Search code examples
pythonfile-comparison

Compare two files and remove the words from the second file Python


I'm trying to compare two files and get the difference using a function.

The first file contains English words - one after the other (engwrds.txt) and the second file is a text file of web scraped text (ws.txt). What I want to achieve is to compare the two files and remove the words from ws.txt and write them to a different file.

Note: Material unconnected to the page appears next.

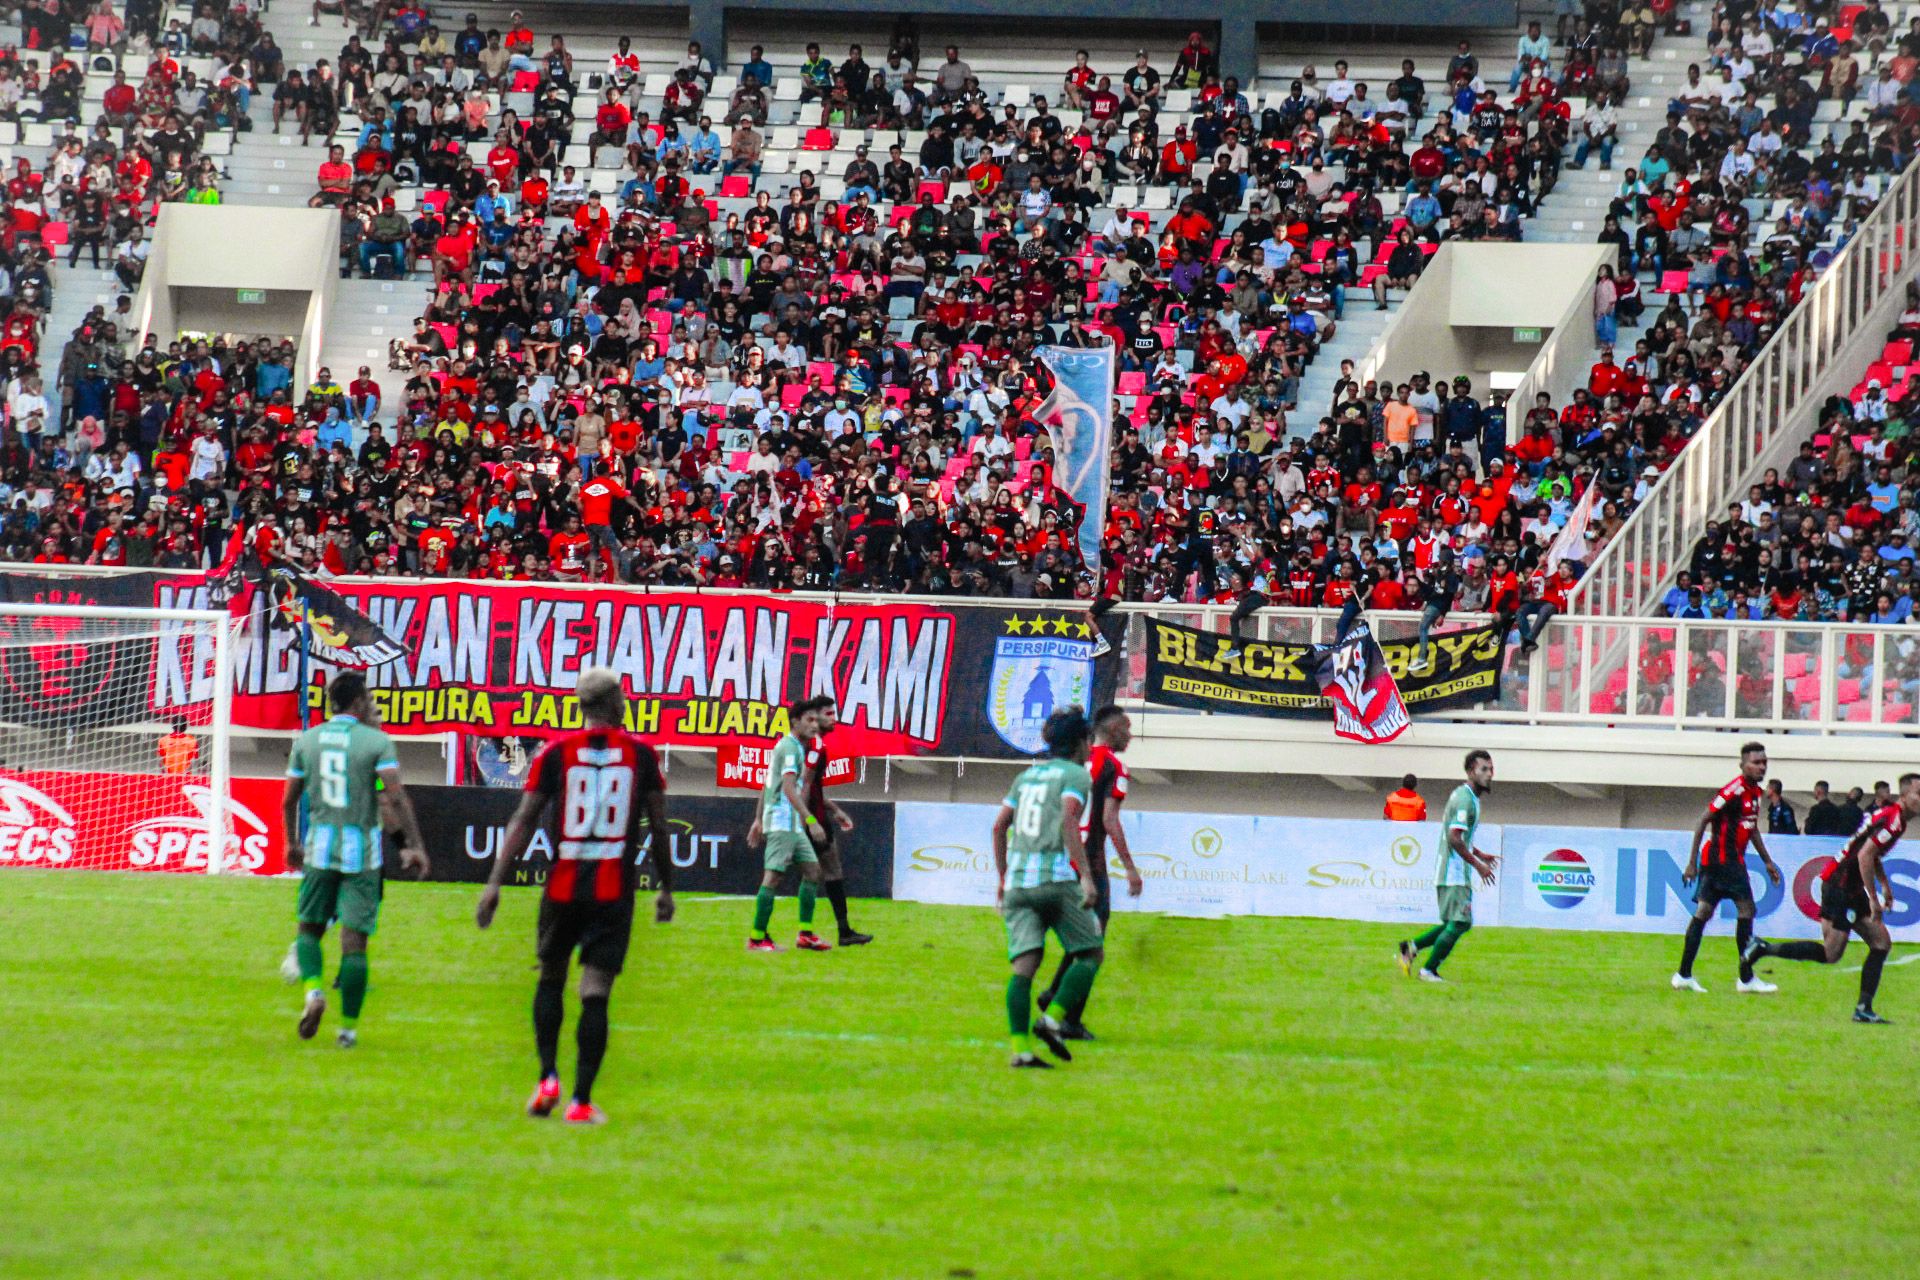 Laga Persipura vs Deltras di Stadion Lukas Enembe, Sentani, Kabupaten Jayapura dipadati para penonton maupun suporter Persipura Jayapura dok (PORTAL PAPUA)
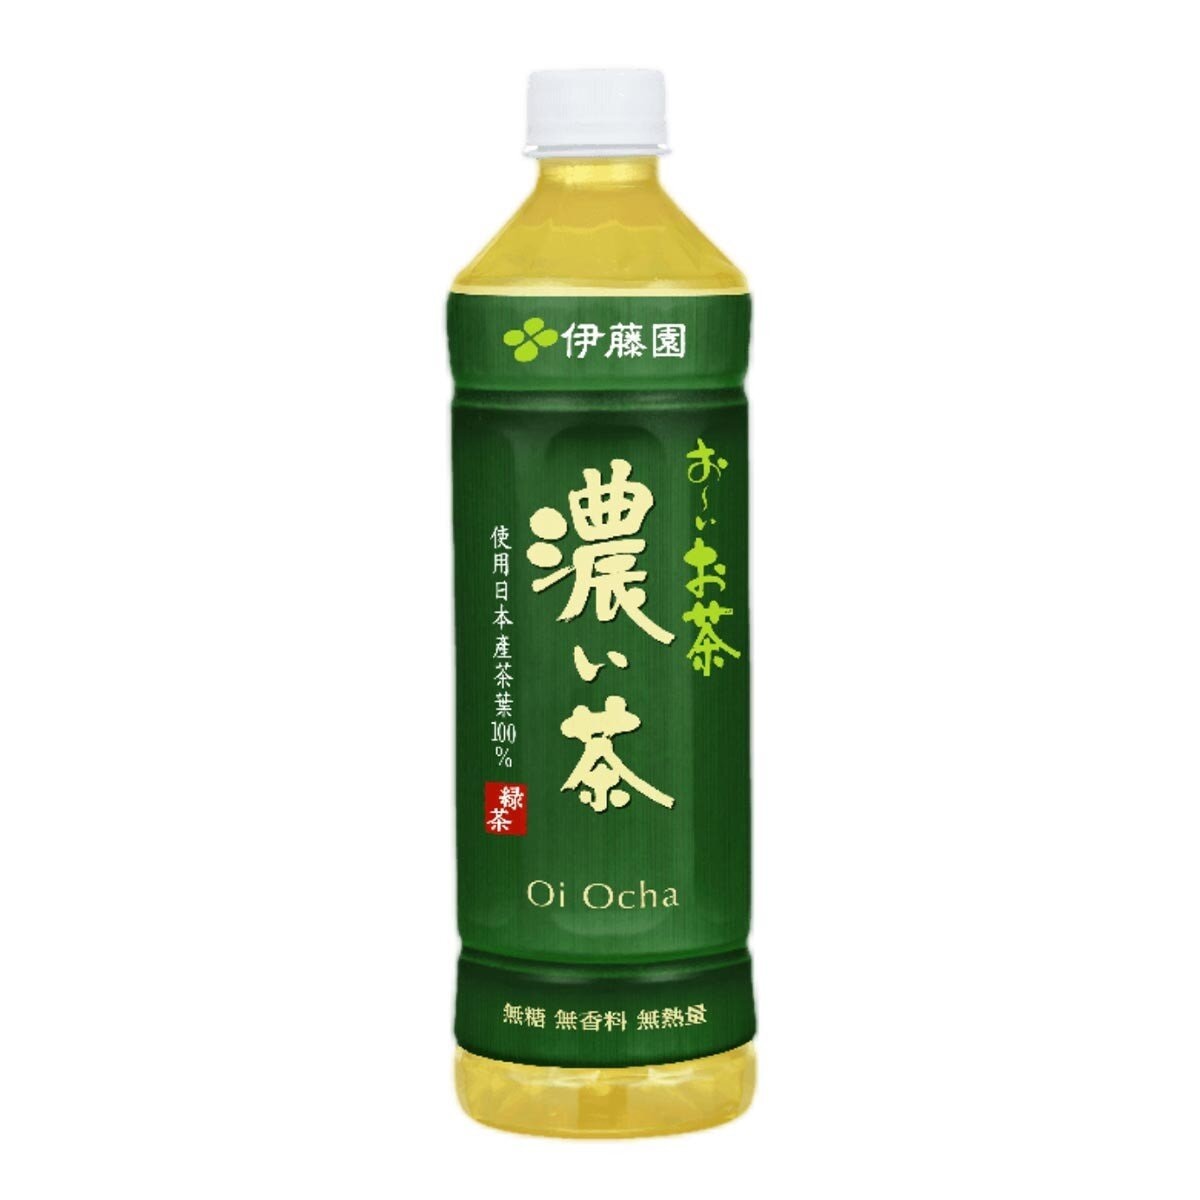 Ito-En 伊藤園 濃綠茶 530毫升 X 24瓶

In the web scraped file, there are words and sentences. But in the other file, the words are placed one after the other.

I tried the following code but it creates a blank output file.

with open('ws.txt', 'r', encoding='utf-8') as file1:
    with open('engwrds.txt', 'r', encoding='utf-8') as file2:
        same = set(file1).intersection(file2)

same.discard('\n')

with open('output_file.txt', 'w', encoding='utf-8') as file_out:
    for line in same:
        file_out.write(line)

Then I tried this one, which doesn't print any output at all.

from pathlib import Path

with open('engwrds.txt', 'r', encoding='utf-8') as fin:
    exclude = set(line.rstrip() for line in fin)

with fileinput.input('ws.txt', inplace=True) as f:
    for line in f:
        if not exclude.intersection(Path(line.rstrip()).parts):
            print(line, end='')

The following code also doesn't print any output.

with open('op11-Copy1.txt', 'r') as file1:
    with open('commonwords.txt', 'r') as file2:
        dif = set(file1).difference(file2)
        
dif.discard('\n')
        
with open('diff.txt', 'w') as file_out:
    for line in dif:
        file_out.write(line)

Can you please explain the mistakes I'm making here? I referred multiple examples like this, this. But I can't figure out the issue. Ideally, I want to come up with a function that achieves this task.

This is what the ws.txt file looks like.
enter image description here

This is what the engwrds.txt looks like.
enter image description here

The output file looks like this.
enter image description here


Solution

  • Just open your files in different variables and compare them. For Example:

    Suppose that the file ws.txt (scraped file) contains:

    your world is beautiful

    And the file engwrds.txt contains these words (one after the other):

    while world want wild

    Open each one in a different variable:

    with open('engwrds.txt', 'r', encoding='utf-8') as file:
        engwrds = file.read()
    
    with open('ws.txt', 'r', encoding='utf-8') as file:
        ws = file.read()
    

    From here engwrds and ws are strings, so you can compare them in many different ways:

    differences = set(engwrds.split()).symmetric_difference(set(ws.split()))
    print(differences)
    
    Output: {'beautiful', 'is', 'want', 'while', 'wild', 'your'}
    

    Obviously, this comparison only works if your words are separated by spaces, but from here you will have a better idea of how to solve the problem.